Quote the whole listing word for word. Do not include the pictures.

• _Data block_
*** Block opens ***

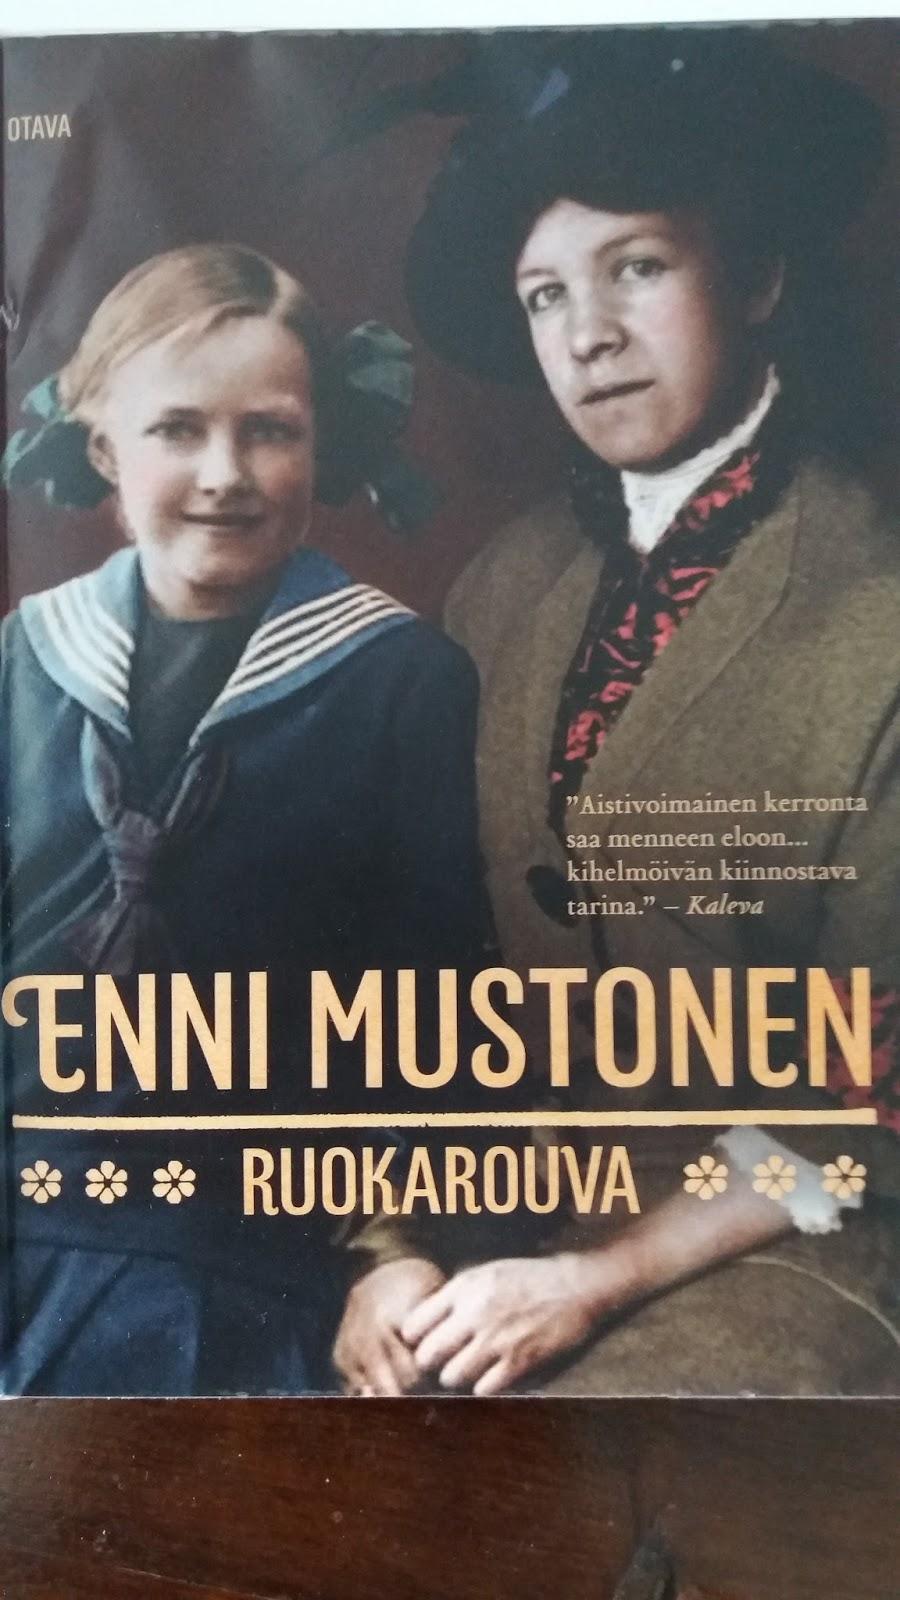 Enni Mustonen
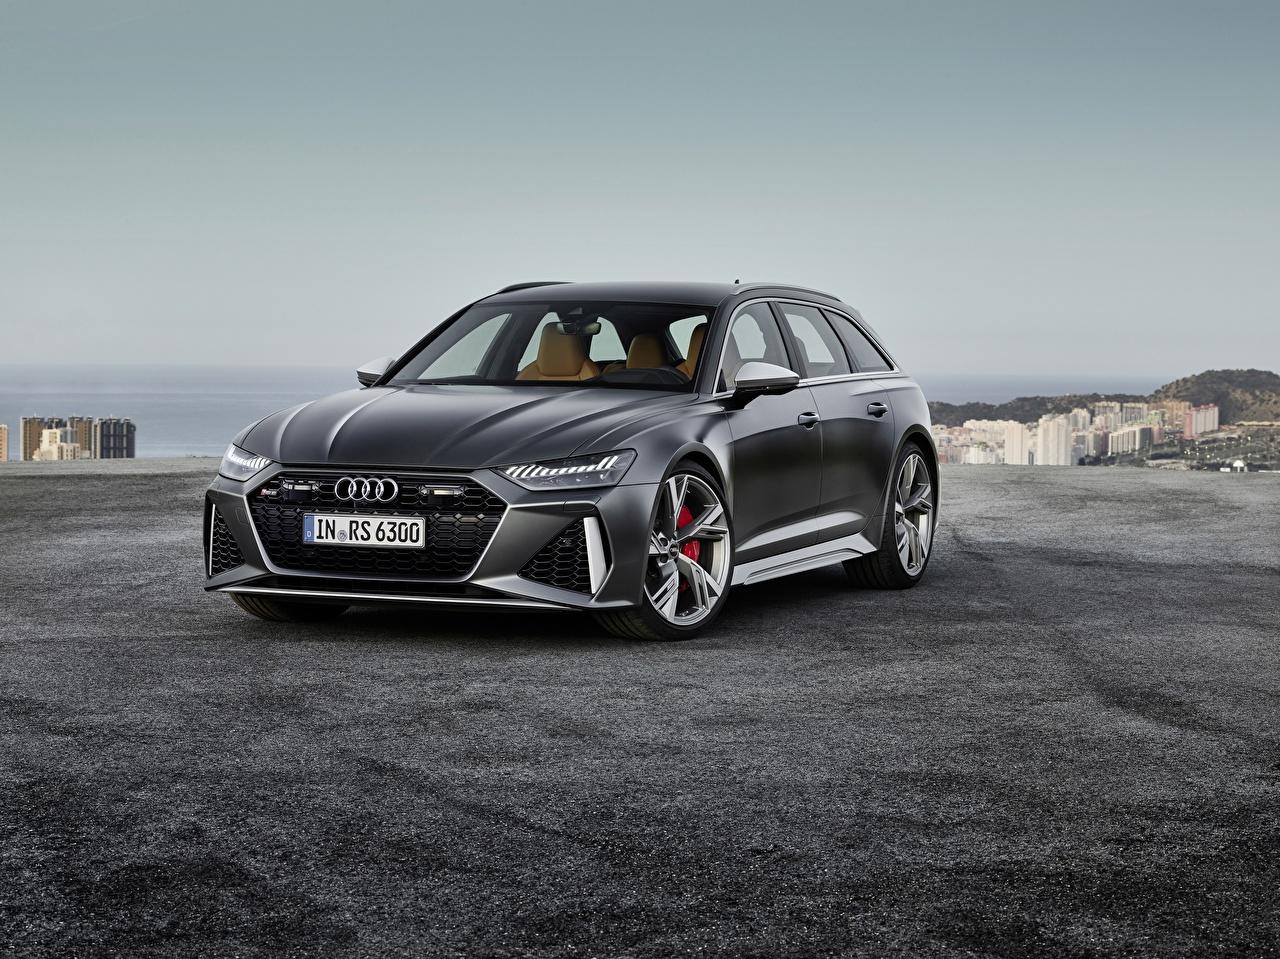 Картинка Ауди Avant, RS6, 2019 черная Металлик Автомобили Audi черных черные Черный авто машина машины автомобиль
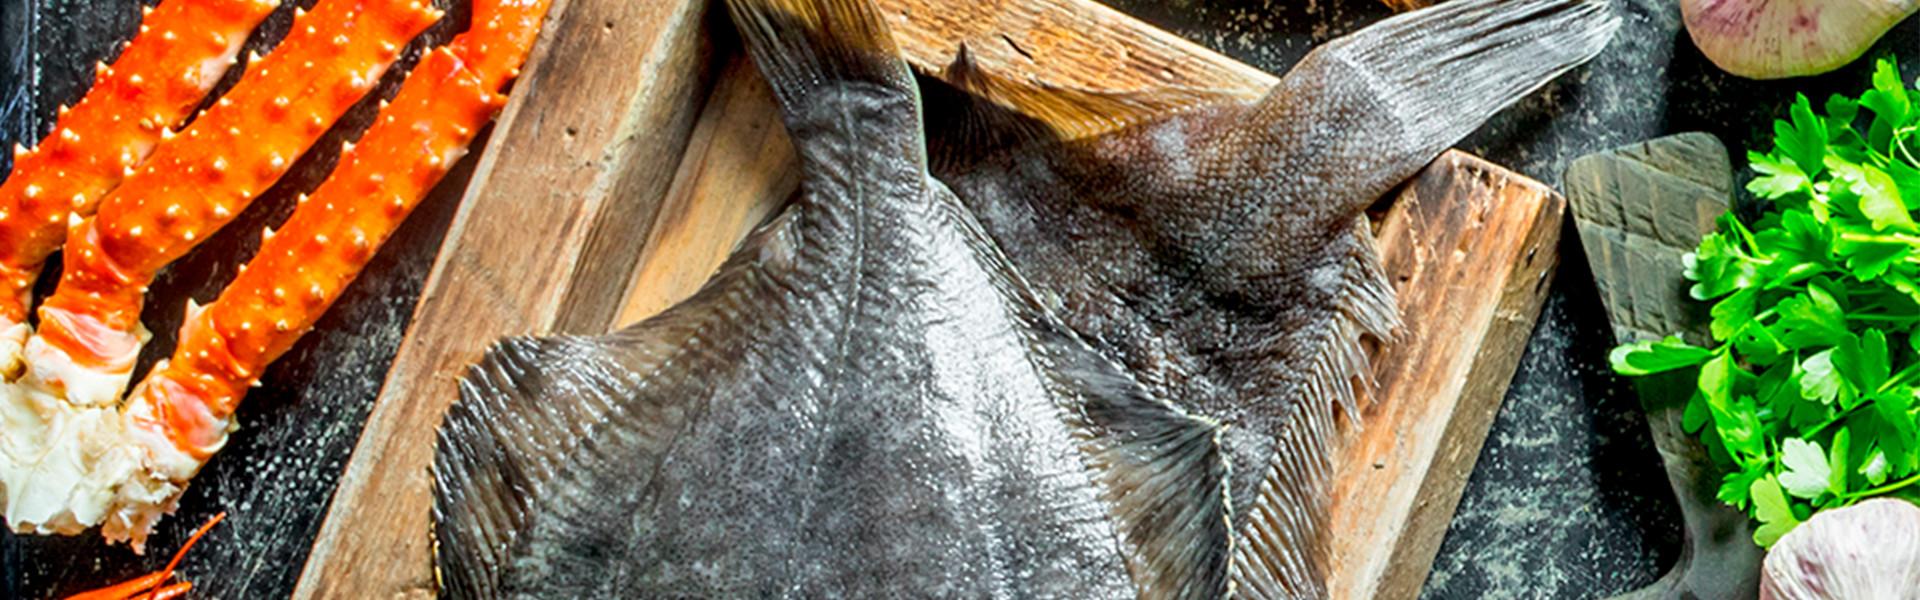 Semana do Pescado 2021: a luta pelo crescimento do setor
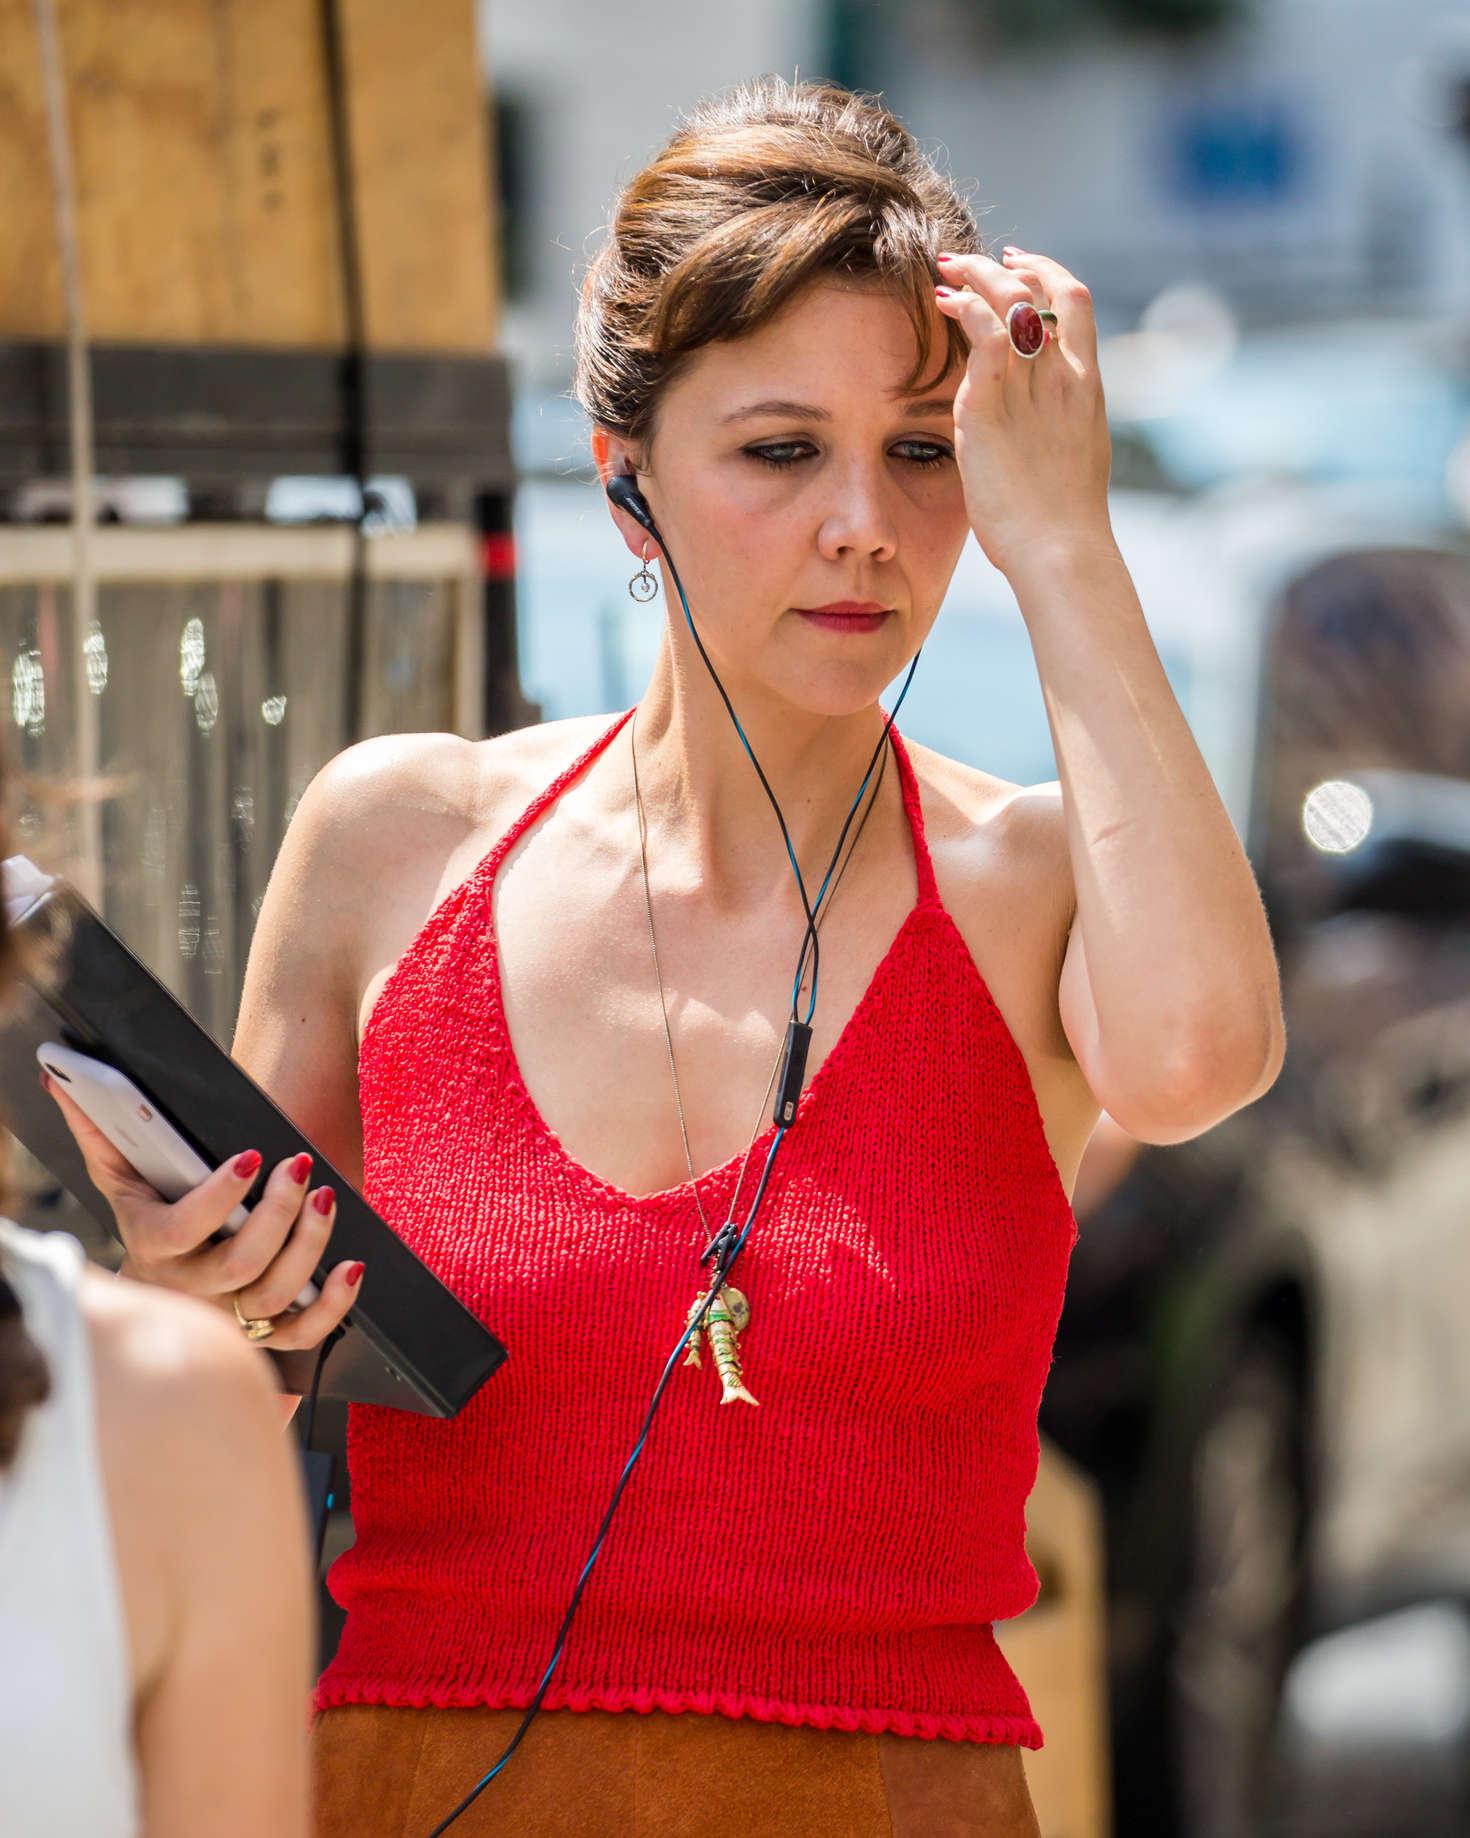 Maggie Gyllenhaal on set of 'The Deuce' in New York City ... мэгги джилленхол

*** Block closes ***

• _Answer to the problem_
 Enni Mustonen
 Картинка Ауди Avant, RS6, 2019 черная Металлик Автомобили Audi черных черные Черный авто машина машины автомобиль
 Semana do Pescado 2021: a luta pelo crescimento do setor
 Maggie Gyllenhaal on set of 'The Deuce' in New York City ... мэгги джилленхол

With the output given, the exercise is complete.